1 資産の譲渡等の対価の額の全額を分母に算入しないもの(令48②) (1)通貨、小切手等の支払手段の譲渡については、売上げの二重計上を排除するため、これらに係る対価の額は、課税売上割合の計算上、資産の譲渡等の対価の額に含めないこととされています。
(2)資産の譲渡等の対価として取得した金銭債権(いわゆる売掛債権等)の譲渡については、売上げの二重計上を排除するため、その譲渡等の対価の額は、課税売上割合の計算上、資産の譲渡等の対価の額に含めないこととされています。

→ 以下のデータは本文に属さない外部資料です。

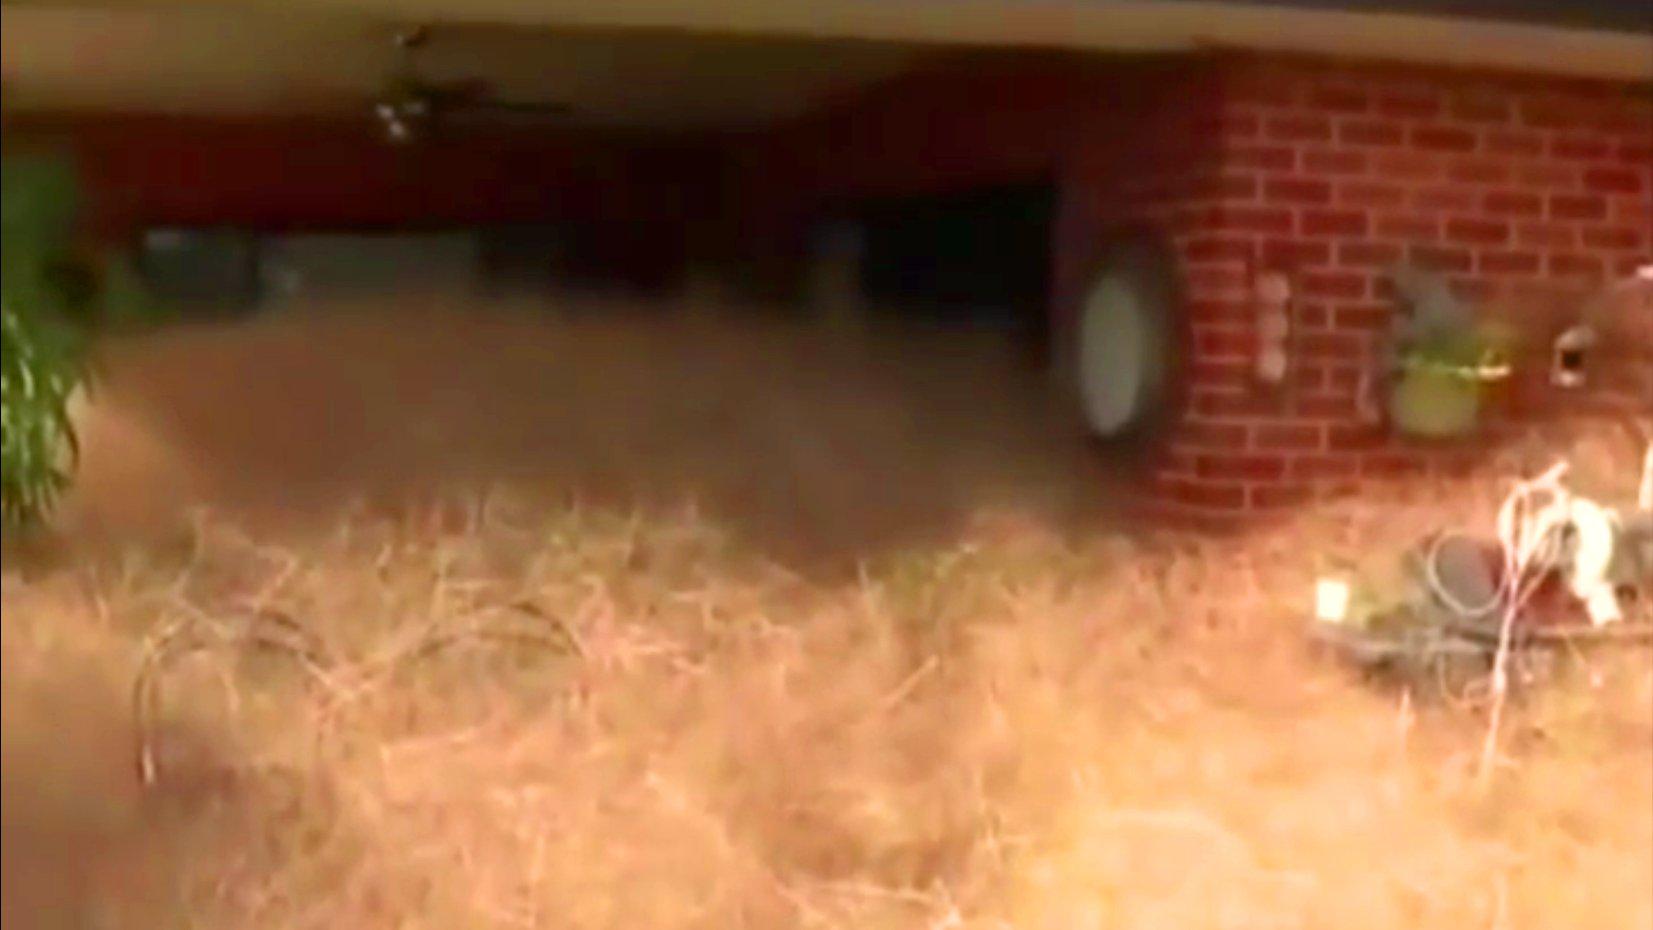 Gras-Plage in Australien, 2016 (Video)
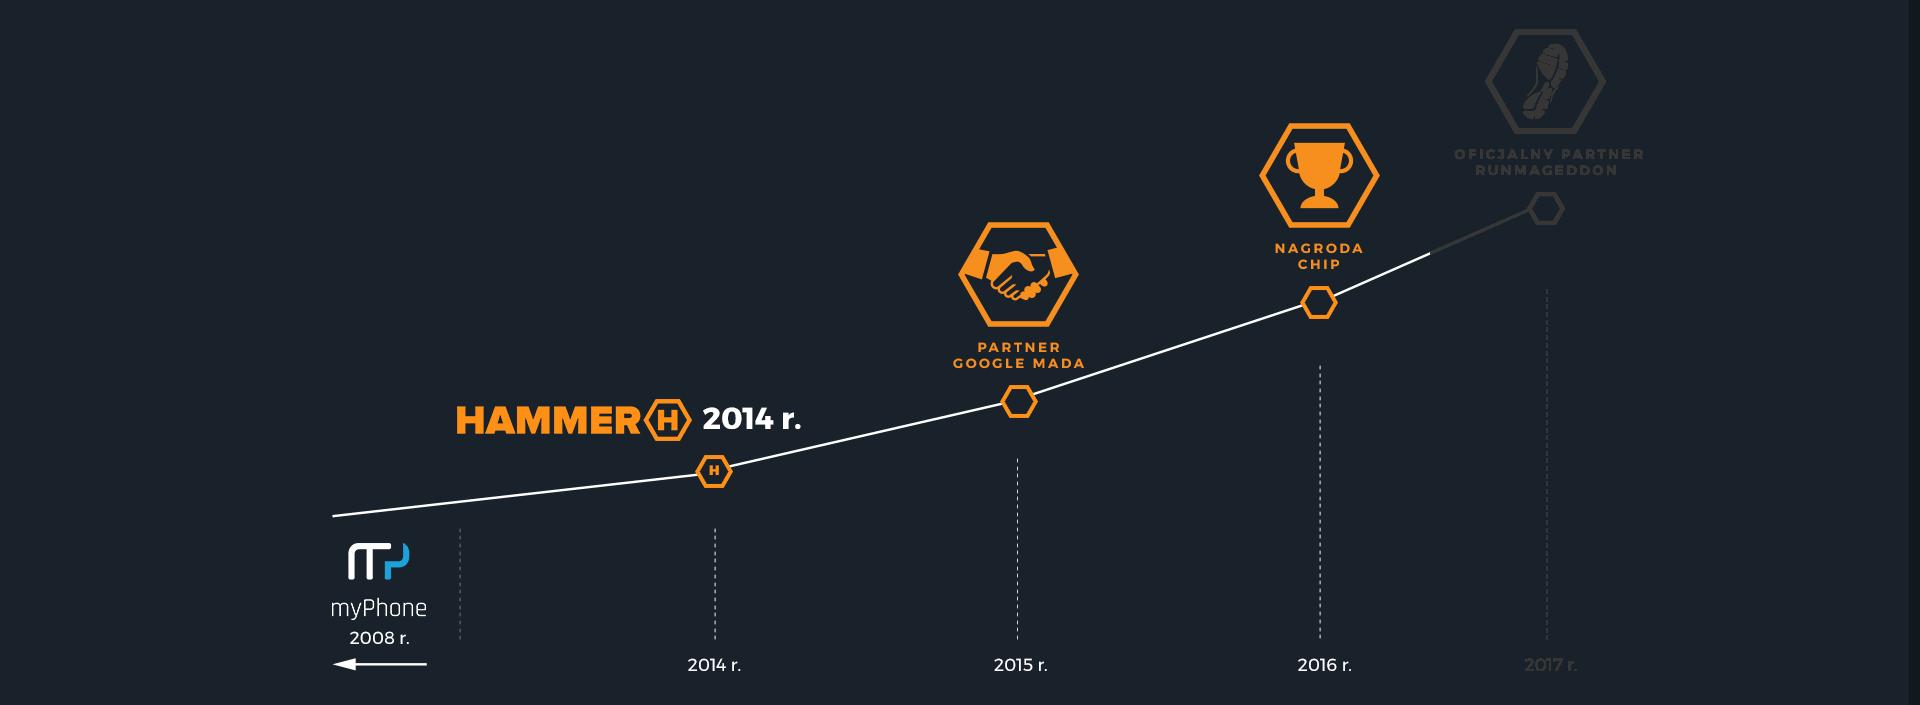 Ano 2016

(3)国債、地方債及び社債並びに譲渡性預金証書等(現先取引債券等)を予め約定した期日に予め約定した価格等で買い戻すことを約して譲渡し、かつ、その約定に基づきその現先取引債券等を買い戻す場合におけるその現先取引債券等の譲渡については、資金の借入れと同じ効果を持つものですから、これに係る対価の額は、課税売上割合の計算上、資産の譲渡等の対価の額に含めないこととされています。
2 資産の譲渡等の対価の額の一部の金額を分母に算入するもの(令48③~⑤) (1)現先取引債券等を予め約定した期日に予め約定した価格で売り戻すことを約して購入し、かつ、その約定に基づき売り戻す場合における対価の額は、その現先取引が利子を得る目的で行う金銭の貸付けと類似することから、課税売上割合の計算における資産の譲渡等の対価の額となるのは、売戻しに係る対価の額から購入に係る対価の額を控除した残額とされています。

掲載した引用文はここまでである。